Positives Denken wird schnell mal als billiger Optimismus abgetan. Mir geht es jedoch viel mehr um realistisches Denken. Die Wirklichkeit – im Aussen wie auch im eigenen Kopf – besteht aus vielen unterschiedlichen Puzzleteilen. Da unser Gehirn Probleme und Gefahren liebt, nehmen wir oft nur die schlechten Teile wahr und blenden dabei die guten und neutralen Teile aus. Das Gehirn reagiert stärker auf Negatives und lernt dann im Übermass daraus. Diese Neigung hat gut funktioniert und unser Überleben gesichert. Heute stellt diese Negativverzerrung des Gehirns jedoch etwas dar, was unsere Lebensqualität massiv beeinträchtig. Das Gesamtbild zu betrachten, ist aber wichtig.
Wie wäre es also für 2018 mit etwas mehr Lebensqualität, Zufriedenheit, Leichtigkeit und Glück? Können Sie haben, auch wenn Sie noch nicht wissen, was das Neue Jahr für Sie im Detail bereithält. Wir haben es zu einem grossen Teil selber in der Hand, wie viel Zufriedenheit und Lebensfreude wir erfahren. Es geht um einen konstruktiven, achtsamen, bewussten Umgang mit den alltäglichen Herausforderungen. Mein Normalzustand bezüglich Wohlbefindens liegt auf einer Skala von -10 und +10 deutlich im positiven Bereich. Im Verlauf des Tages mag sich der Wert auf der Skala etwas verändern, dennoch gibt es so etwas wie einen Durchschnittswert, vergleichbar mit einem Thermostat. Zu diesem Wert finde ich immer wieder zurück, nachdem ich Höhen oder Tiefen durchlebt habe. Und wo auf dieser Skala befindet sich Ihr Normalzustand? Dabei stellen sich zwei Fragen. Wie kann er erhöht werden? Und wie schnell kommen Sie wieder auf die Beine, wenn Sie schwierige Dinge erleben (was einfach zum Leben gehört)?
Forschungen zeigen, dass ungefähr ein Drittel des Grundtemperaments einer Person genetisch vorgegeben ist. Die restlichen zwei Drittel werden durch Lebensumstände und den damit korrespondierenden Erfahrungen beeinflusst. Wie reagiere ich auf das, was mir begegnet? Welchen Sinn gebe ich und wie gelingt es mir, an dem zu wachsen, was mir begegnet?

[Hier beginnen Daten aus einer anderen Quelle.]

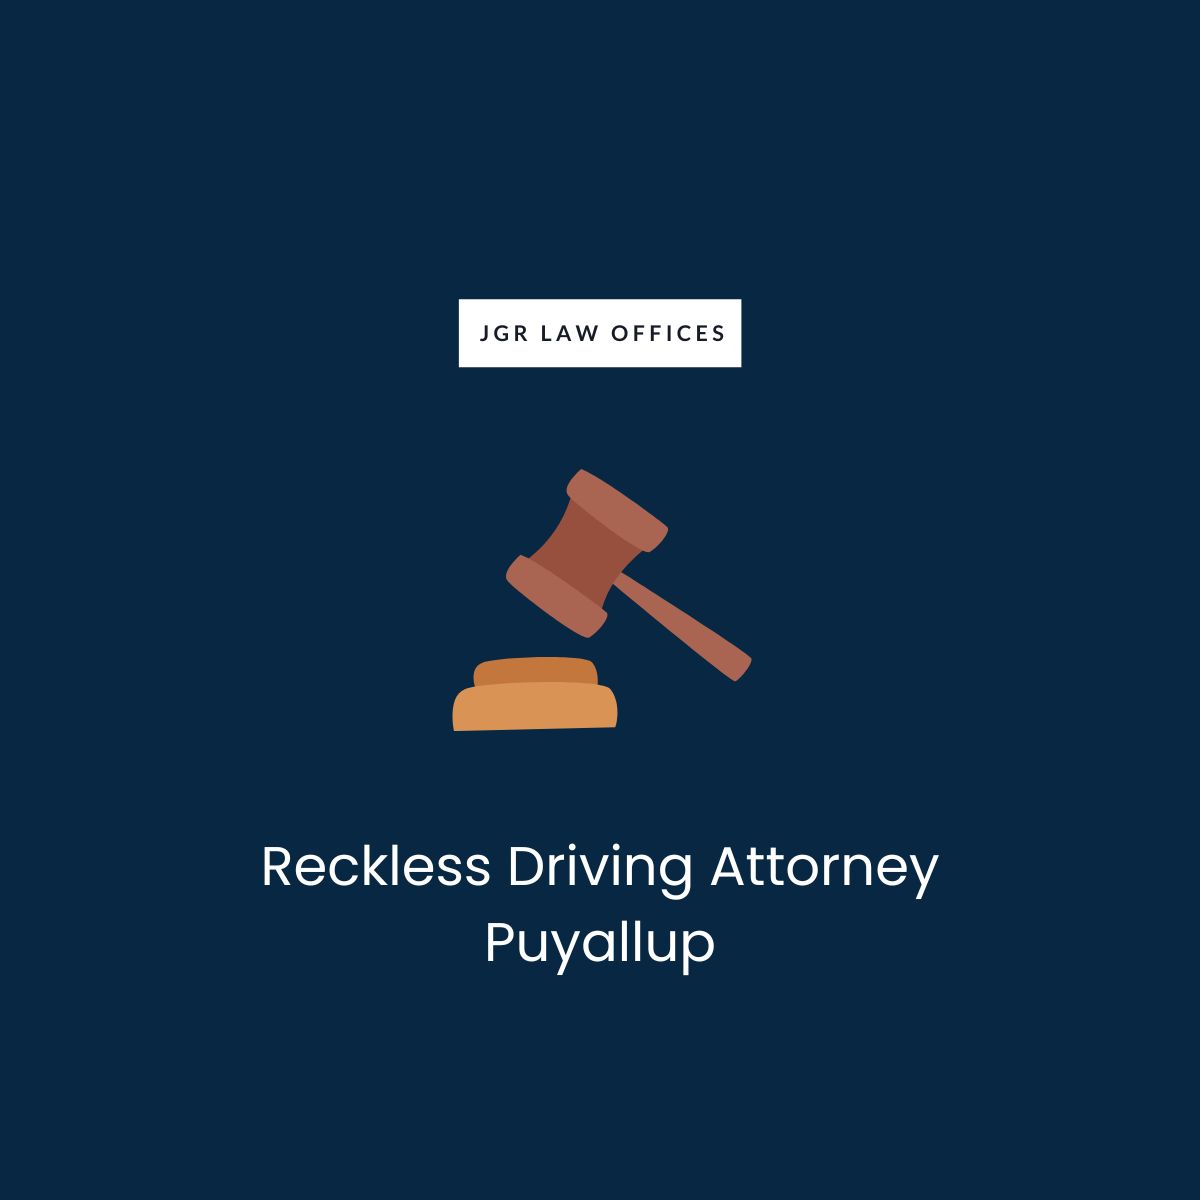 Reckless Driving Attorney Puyallup

Zurück zu den Puzzleteilen bedeutet dies, bewusst die schlechten Puzzleteile in meinem Leben wahrnehmen, annehmen und einen Umgang mit ihnen finden. Statt sie zu verleugnen oder zu verstecken, sich darum kümmern und sie mit all ihren „negativen“ Emotionen akzeptieren. Erst wenn ich sie annehme, können sie sich auch verändern. Und dann all die guten Teile sehen und diese anwachsen lassen. Erfahrung allein rinnt durch das Gehirn wie Wasser durch ein Sieb. Deshalb reicht es nicht aus, einen positiven Zustand – einen Gedanken, ein Gefühl, eine Körperempfindung – zu erleben. Wir müssen diesen positiven Zustand vielmehr in uns „einschreiben“, um ihn als dauerhafte Veränderung unserer neuronalen Strukturen nutzen zu können. All die unzähligen kleinen, schönen, erfreulichen Erlebnisse – ein unerwarteter Dank, ein überraschendes Lächeln, der Sonnenaufgang, der leckere Cappuccino, etc. – bewusst wahrnehmen, im Körper fühlen, dankbar sein.
Forschungen bestätigen, dass Menschen hilfsbereiter werden, mehr beitragen, besser mit negativen Emotionen umgehen können, kreativer sind und an innerer Stärke zulegen, wenn es ihnen gelingt „glücklicher“ zu werden. Deshalb erstaunt es auch nicht, dass immer mehr Angebote im Bereich Achtsamkeit, Persönlichkeitsentwicklung, Happiness, etc. auch in Unternehmen vermittelt werden. Diese stehen in direktem Zusammenhang mit den steigenden Anforderungen an Mitarbeitende. Mittels positivem Denken entwickeln wir eine andere Haltung gegenüber Veränderungen und können gelassener und zuversichtlicher mit Komplexität, Kontrollverlust und Druck umgehen.
Es sind die kleinen Momente, die sich im Laufe der Zeit zu etwas Grossem summieren und unser Wohlbefinden und Glück steigern. Was immer es ist, es geht darum, diese schönen Momente ganz bewusst wahrzunehmen, aufzunehmen und darauf zu vertrauen, dass wir uns dadurch mit der Zeit zum Positiven verändern. Glücklich sein ist auch eine Entscheidung.